*Work to be completed*:
Drop the images. Copy every line below character for character.

*Given data*:
***
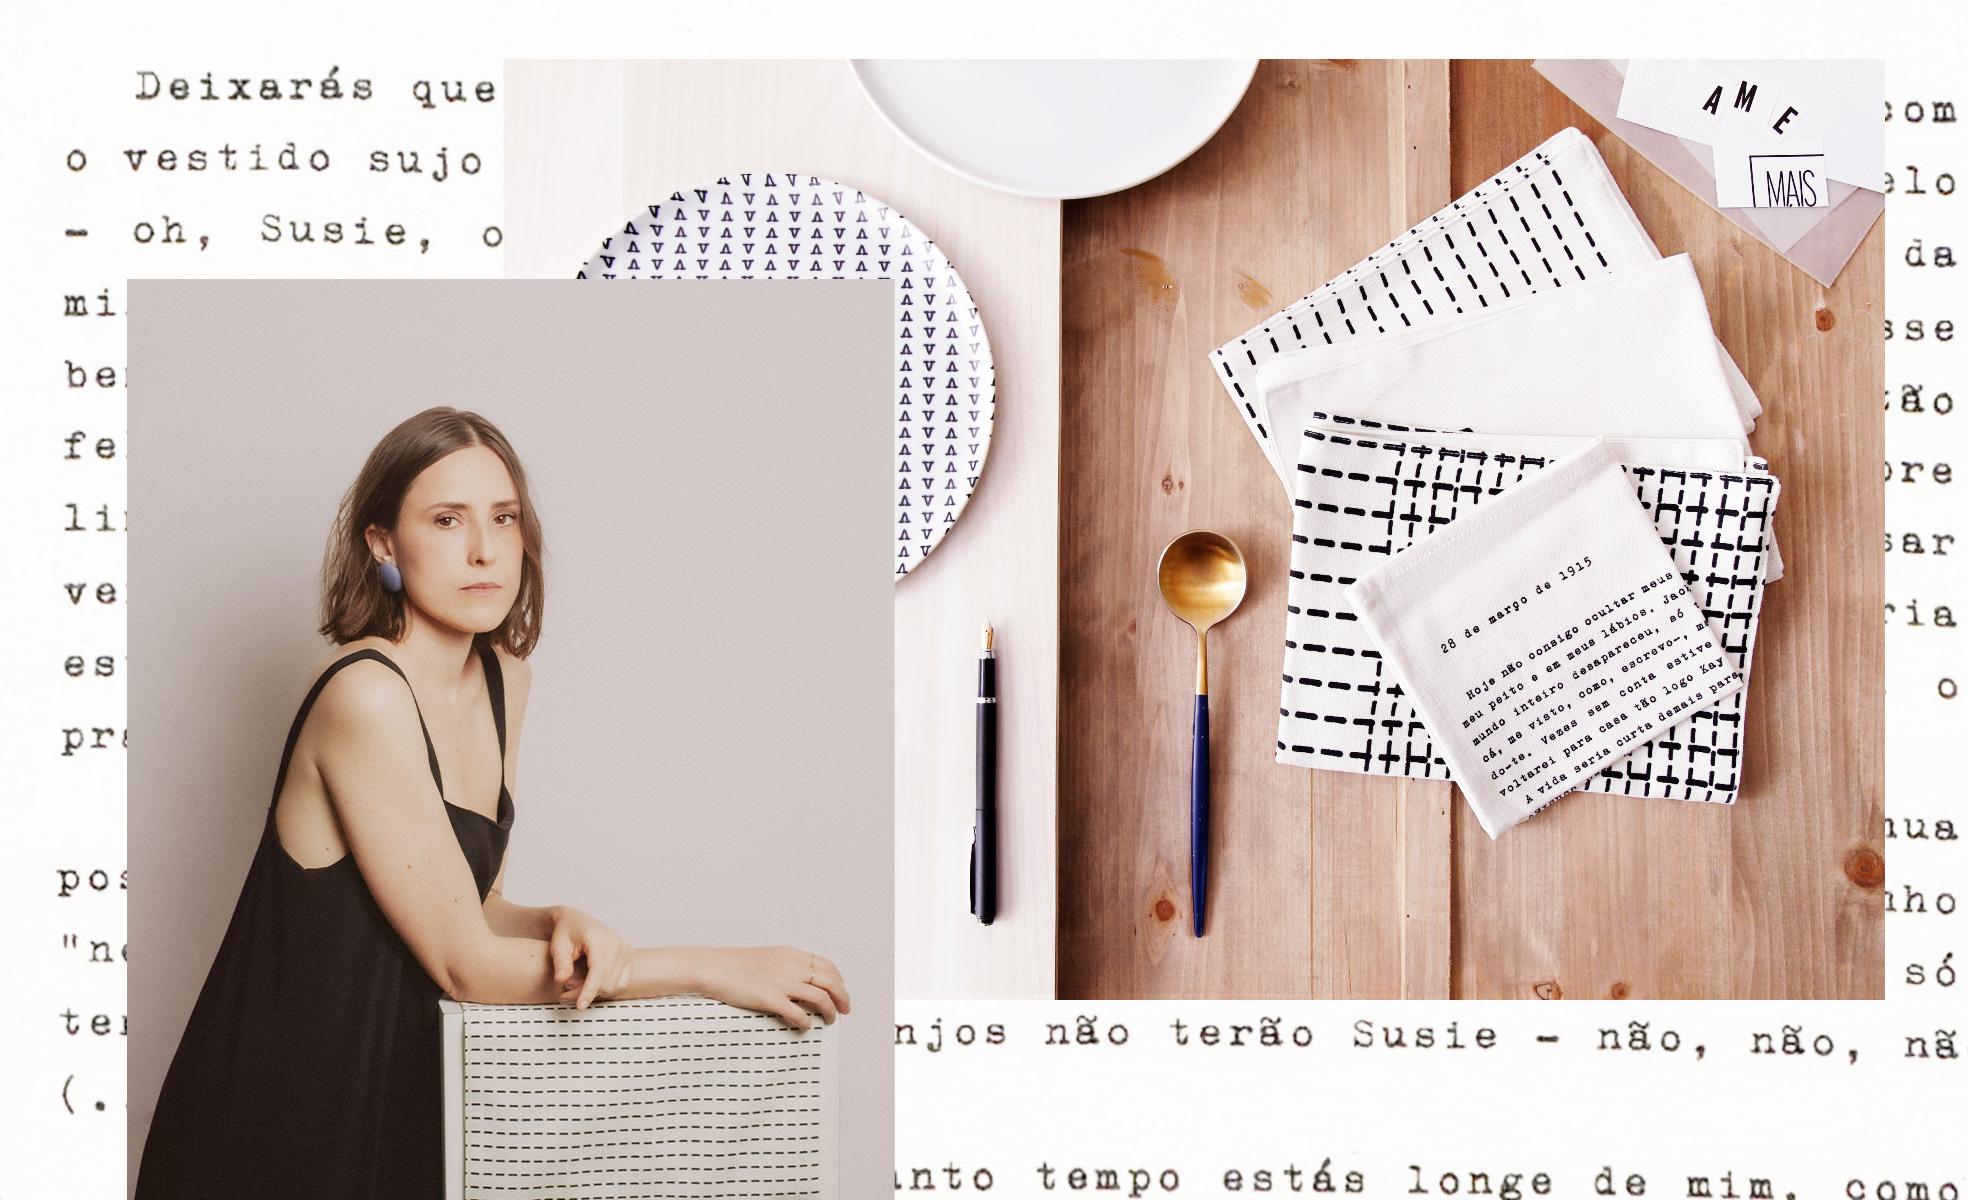 Verena Smit, multiartista | westwing.com.br
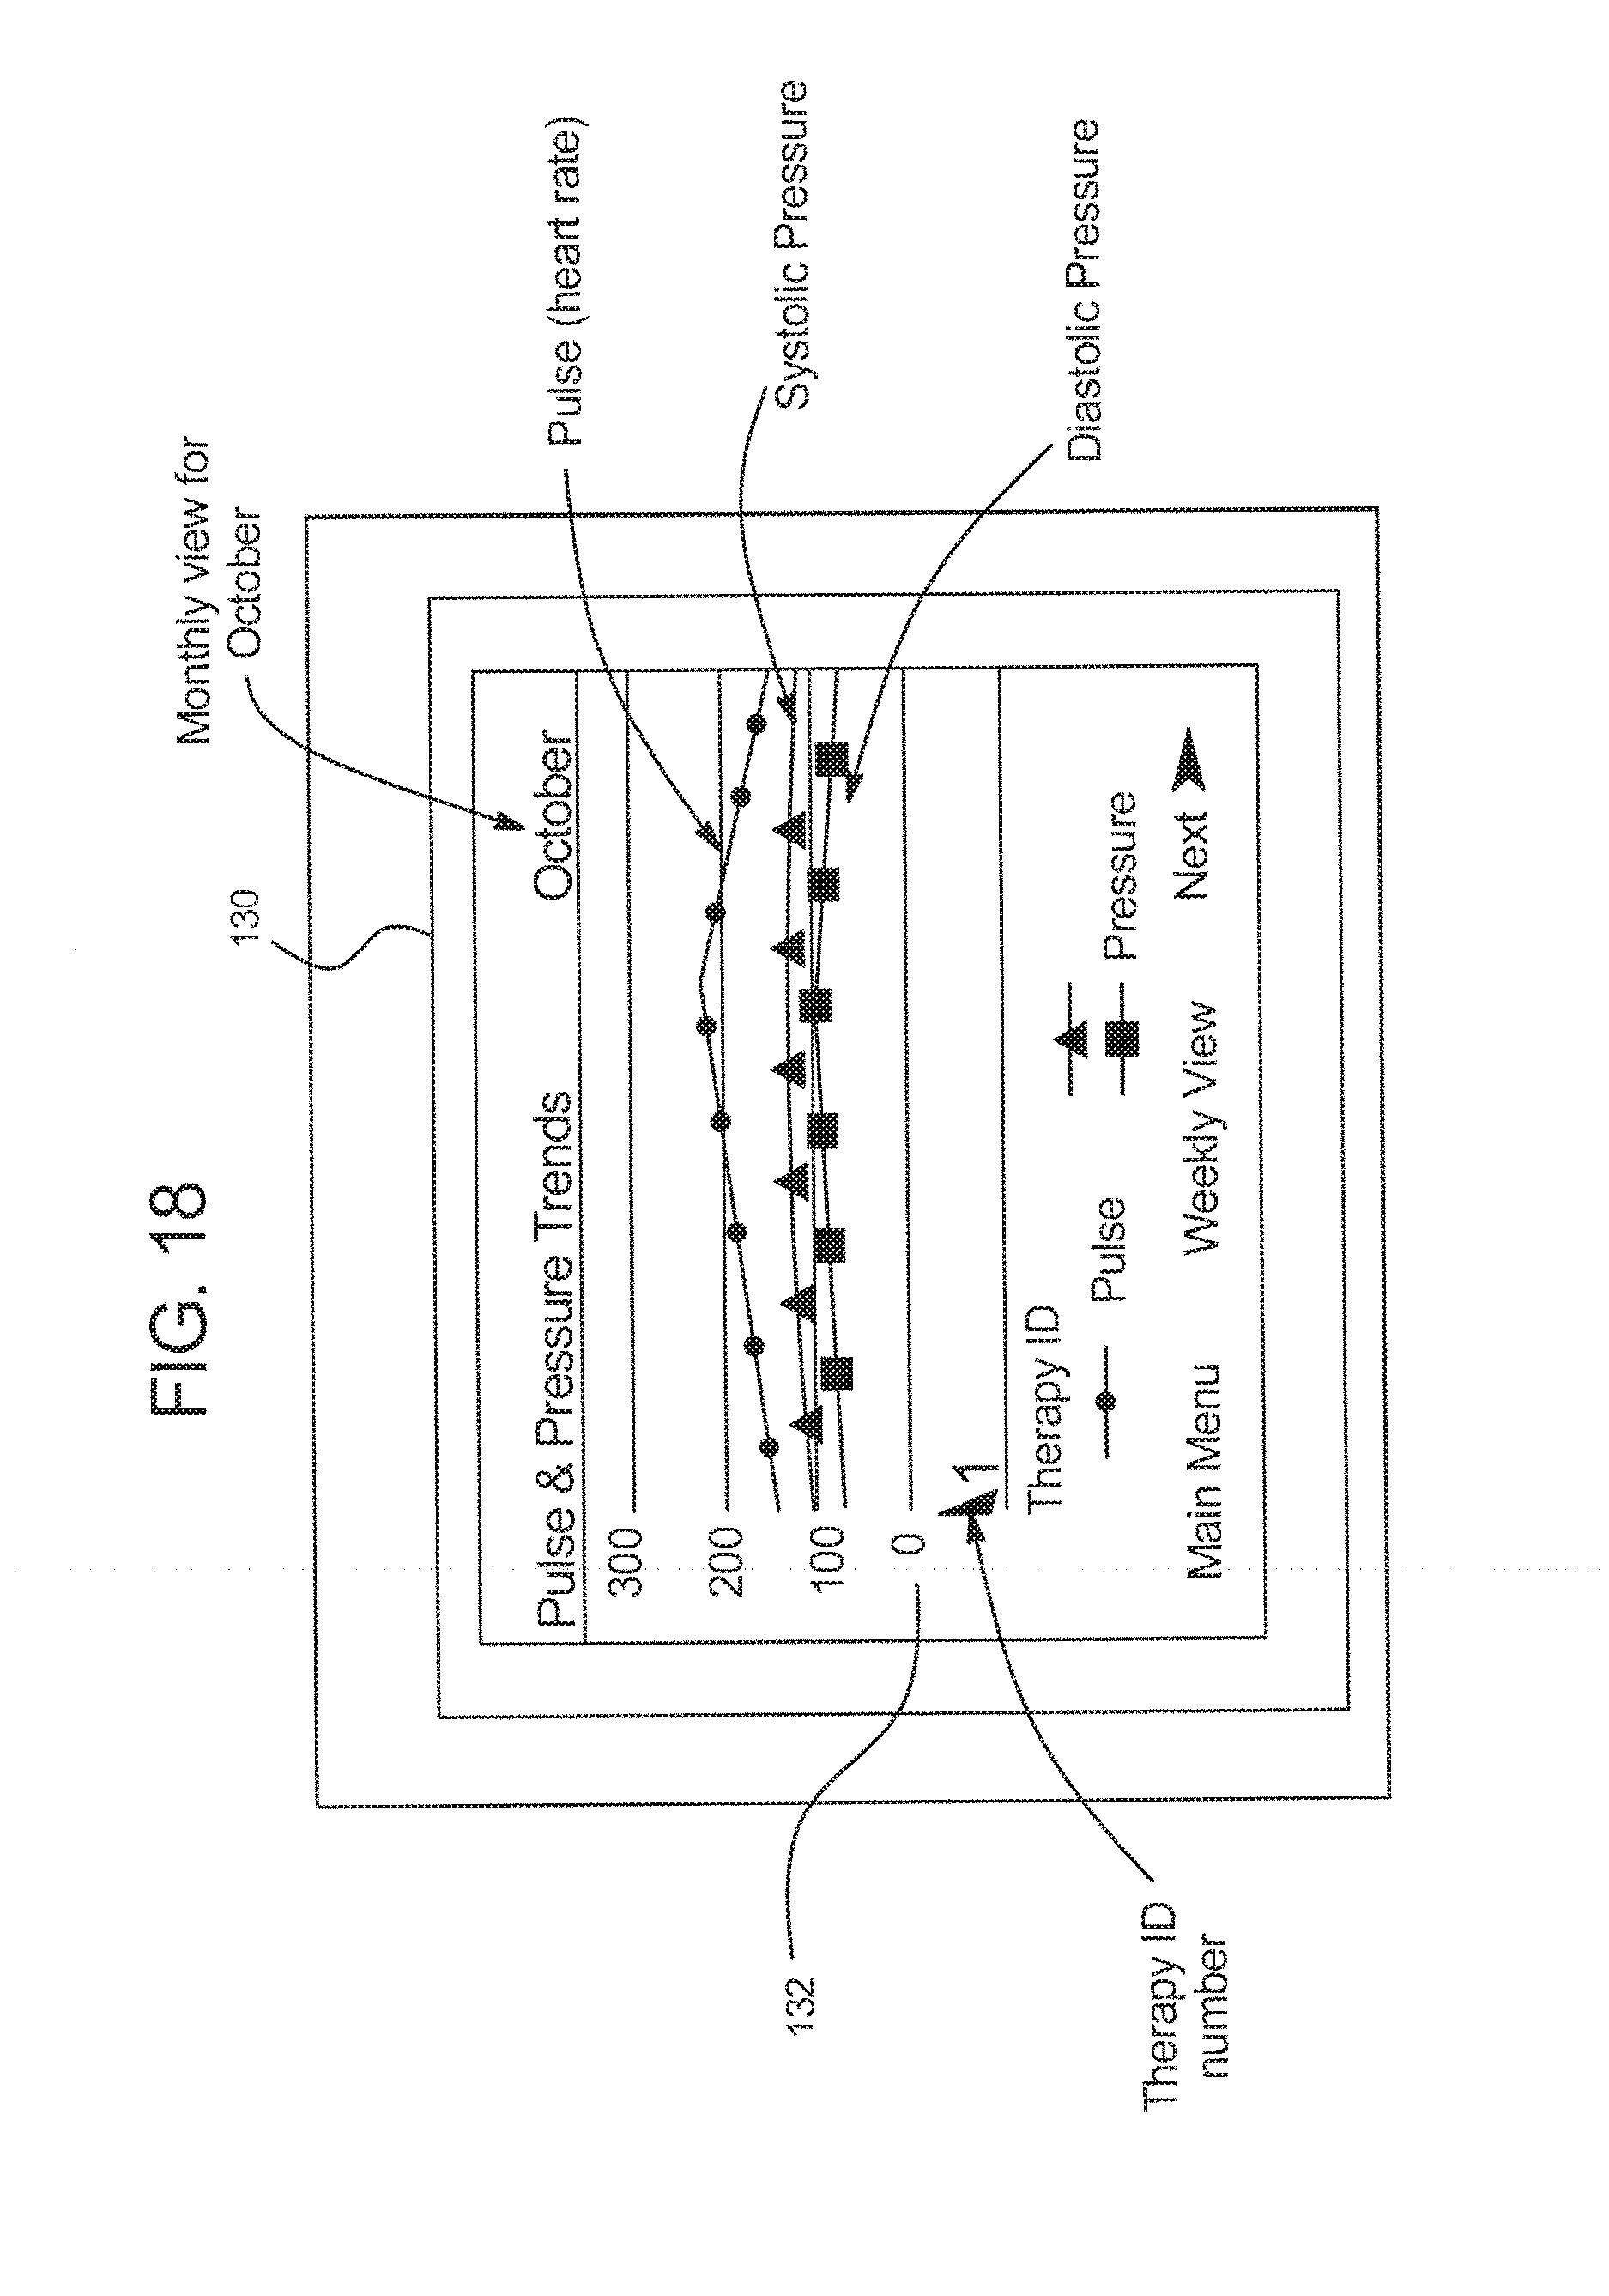 Patent US 10,016,554 B2 on
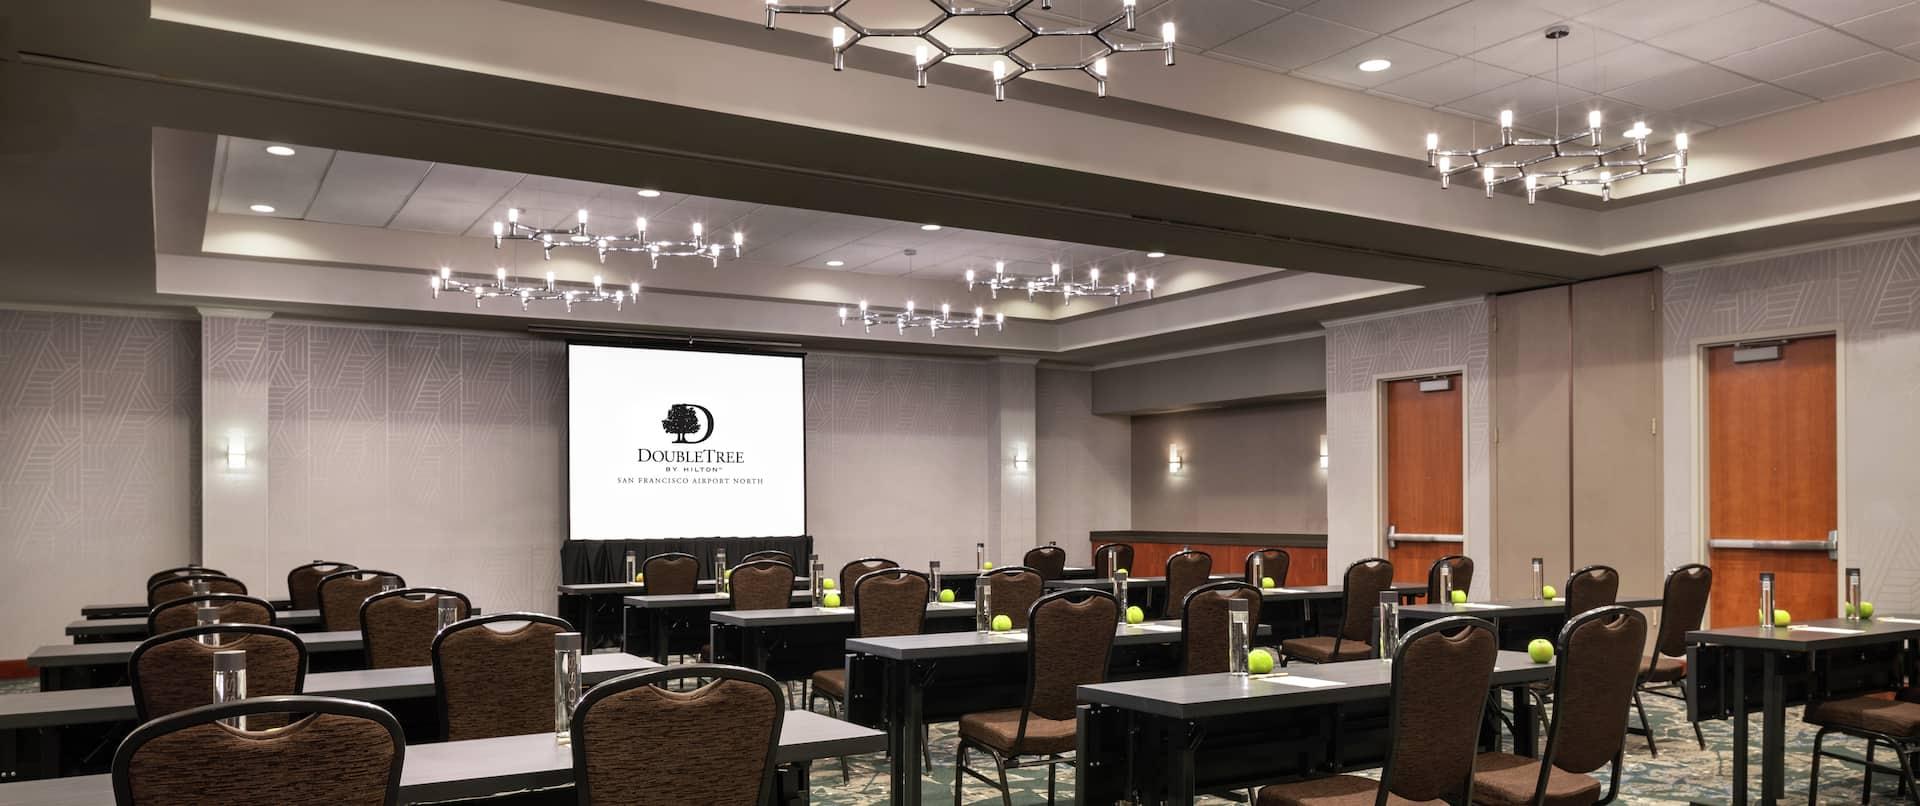 Meeting Room - Classroom Set
***
*Output*:
 Verena Smit, multiartista | westwing.com.br
 Patent US 10,016,554 B2 on
 Meeting Room - Classroom Set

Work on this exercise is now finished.